- Occupations: Real estate developer Community leader

= Moishe Indig =

American real estate developer

Moishe Indig (also known as Rabbi Moshe Indig or Rabbi Moishe Indig) is an American rabbi, community leader, newspaper publisher, and political influencer in the Satmar Hasidic community of Williamsburg, Brooklyn, New York.

He is a prominent figure in the Ahronim faction of Satmar (led by Rabbi Aaron Teitelbaum) and has been described as a "kingmaker" in New York City politics due to his influence over Orthodox Jewish voting blocs.

==Early life and background ==
Little is publicly documented about Indig's early life or exact birth date. He is a rabbi within the Satmar Hasidic movement, an ultra-Orthodox (Haredi) Jewish sect known for its anti-Zionist stance and emphasis on religious observance.

==Career and community roles==
Indig is a leading member of the Jewish Community Council of Williamsburg (JCCW), an Orthodox advocacy group distinct from the secular Jewish Community Center, where he serves as a key representative addressing community needs, including requests for assistance (reportedly handling around 80 per day).

Indig is the publisher and CEO of Der Blatt, a Yiddish-language, print-only newspaper affiliated with the Satmar Ahronim faction. The paper has faced criticism, including in 2020 for allegedly downplaying coverage of large indoor gatherings during COVID-19 restrictions. Indig serves as a member of Brooklyn Community Board 1 on its public safety and human services committees.
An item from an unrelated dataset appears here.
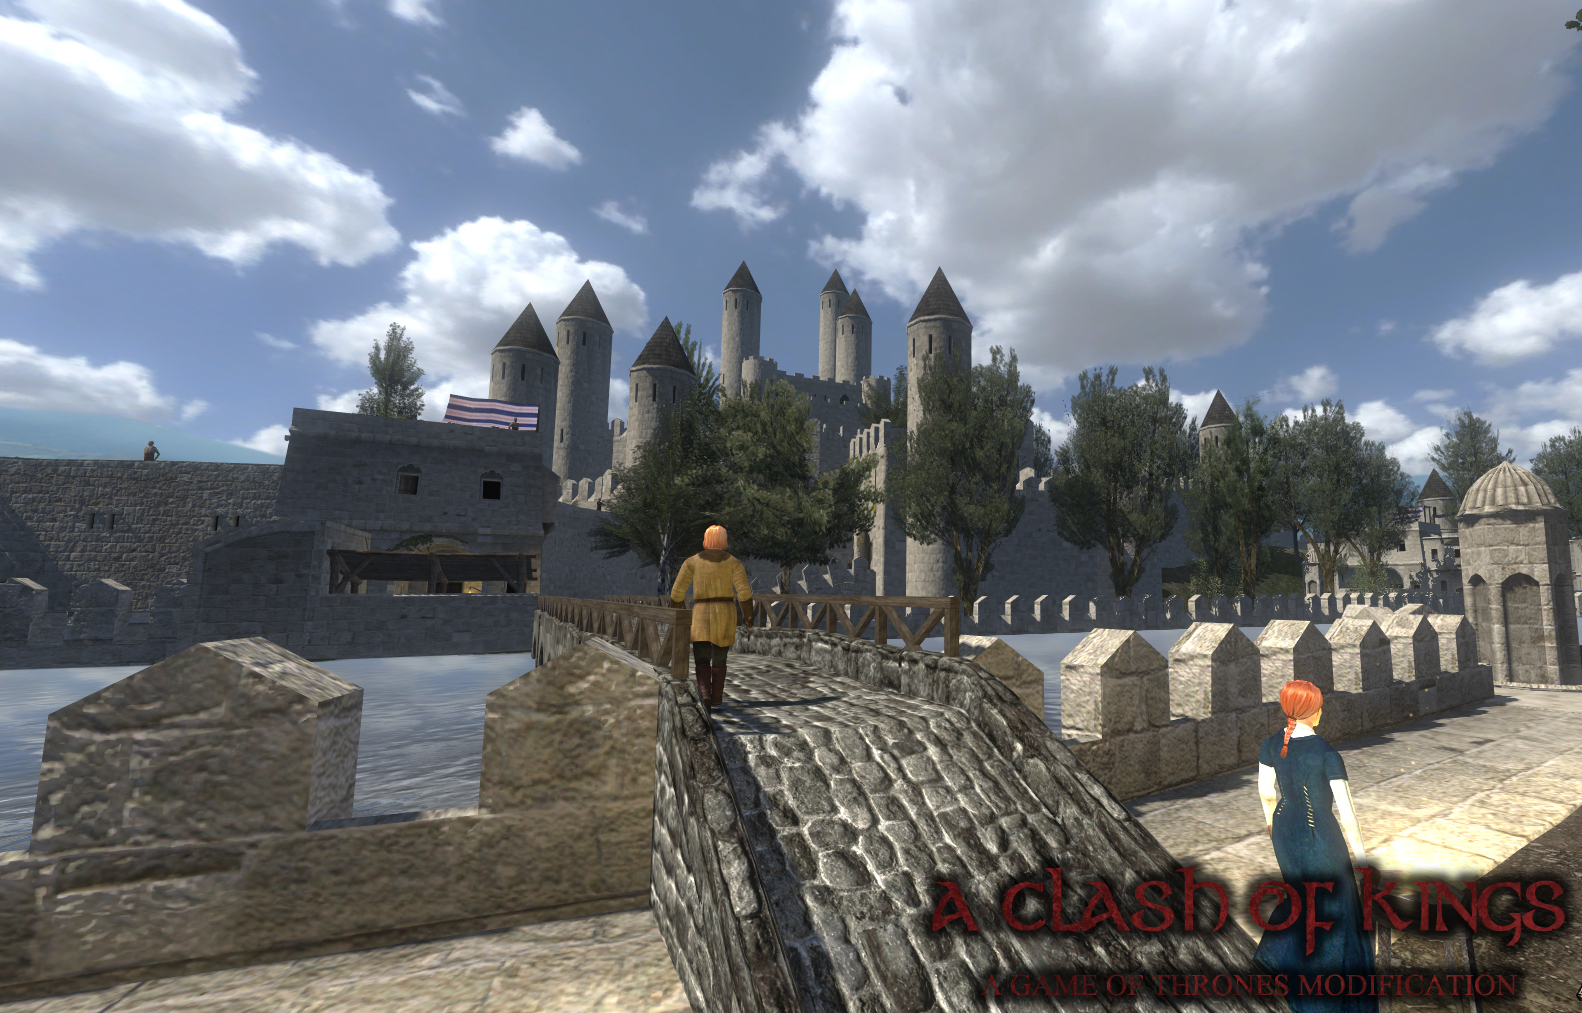 Highgarden Image A Clash Of Kings Game Of Thrones Mod For Mount Blade Warband Mod Db
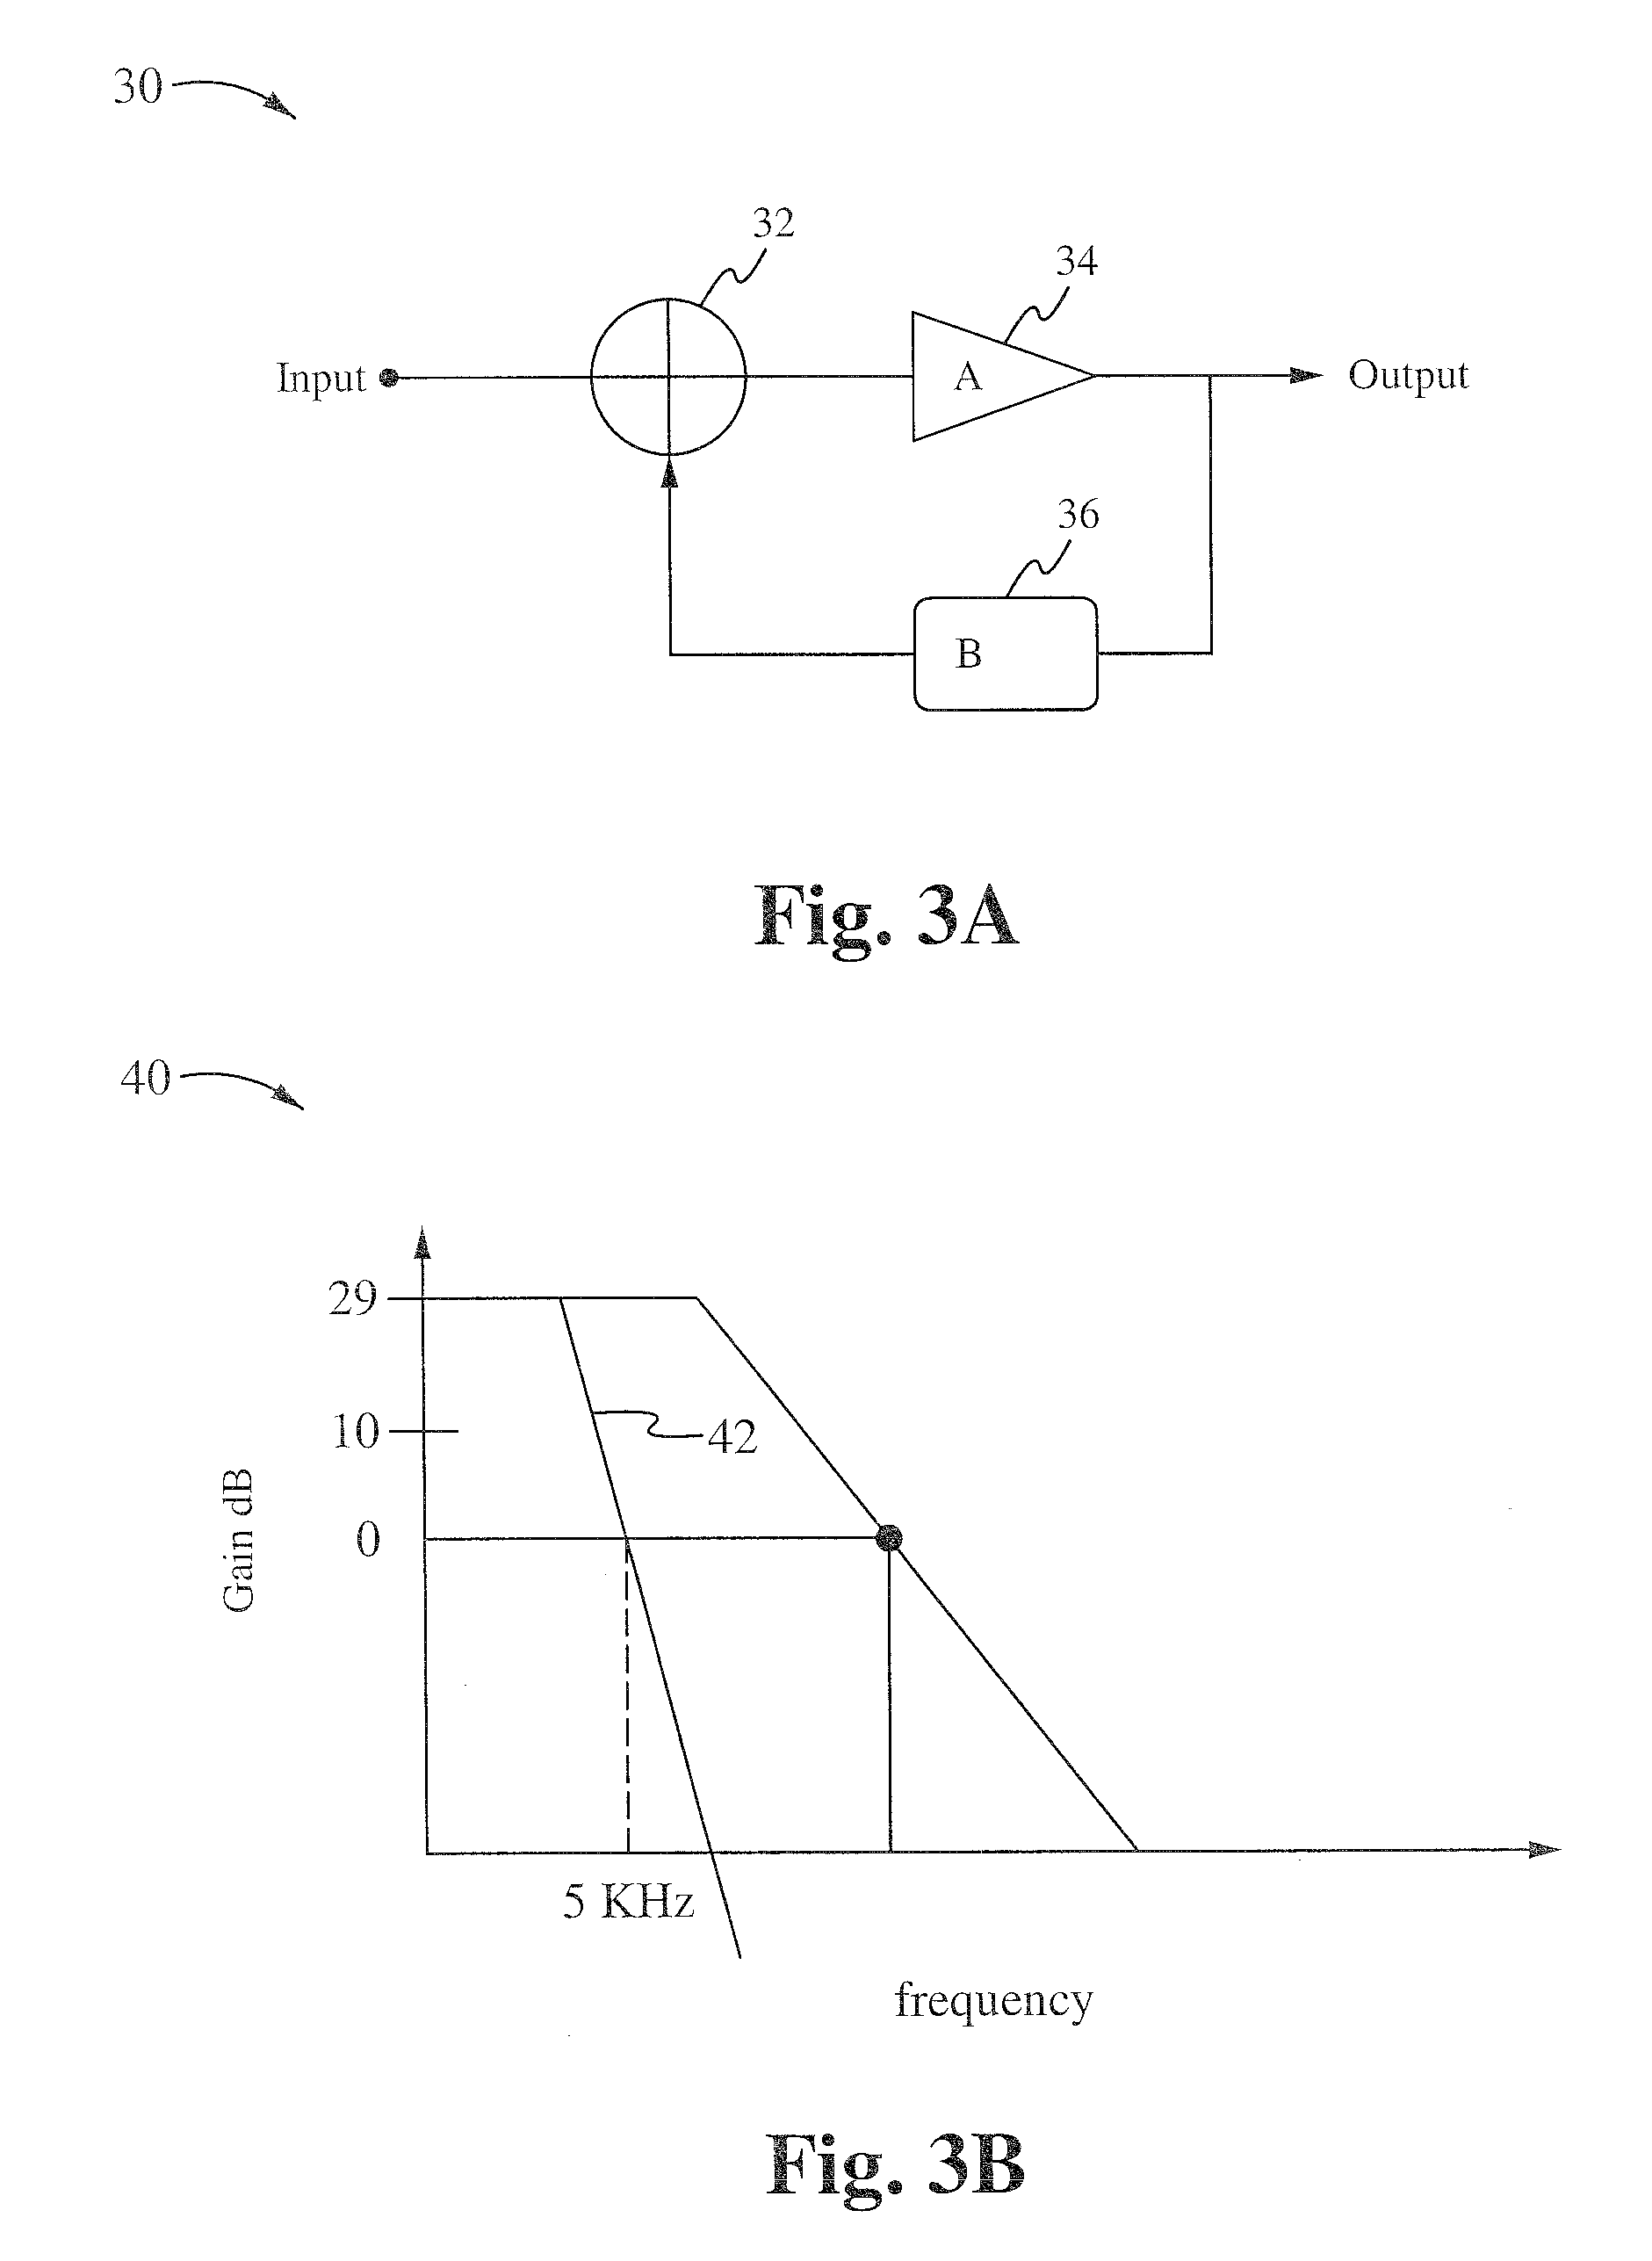 Closed loop negative feedback system with low frequency modulated gain

He has historical involvement in real estate as a landlord in Williamsburg. In 2010, he appeared on the Village Voice's list of "New York's Ten Worst Landlords" due to tenant complaints about conditions at a property he owned at 684 Flushing Avenue, including pest infestations and neglect. Indig acknowledged issues at the time and pledged improvements.

===Political influence===
Indig has been a significant political figure in New York City for over two decades, often hosting events and brokering endorsements from the Satmar community. He played a role in shifting Satmar support to Bill de Blasio in the 2013 mayoral election, securing promises on religious issues such as metzitzah b'peh practices. In 2021, his faction endorsed Eric Adams for mayor. In 2025, Indig endorsed Zohran Mamdani for NYC mayor in the final days of the campaign, despite Mamdani's progressive and pro-Palestinian positions, which divided the Satmar community (with some leaders backing Andrew Cuomo instead). Indig defended the move in interviews, emphasizing quiet engagement and community priorities. He has been described as a "power broker" who hosts politicians and influences Orthodox voter turnout to advocate for community autonomy and religious freedoms.

== Personal life==
Indig is married and resides in Williamsburg. He manages venues such as the Rose Castle catering hall and is known for hosting events for community and political figures.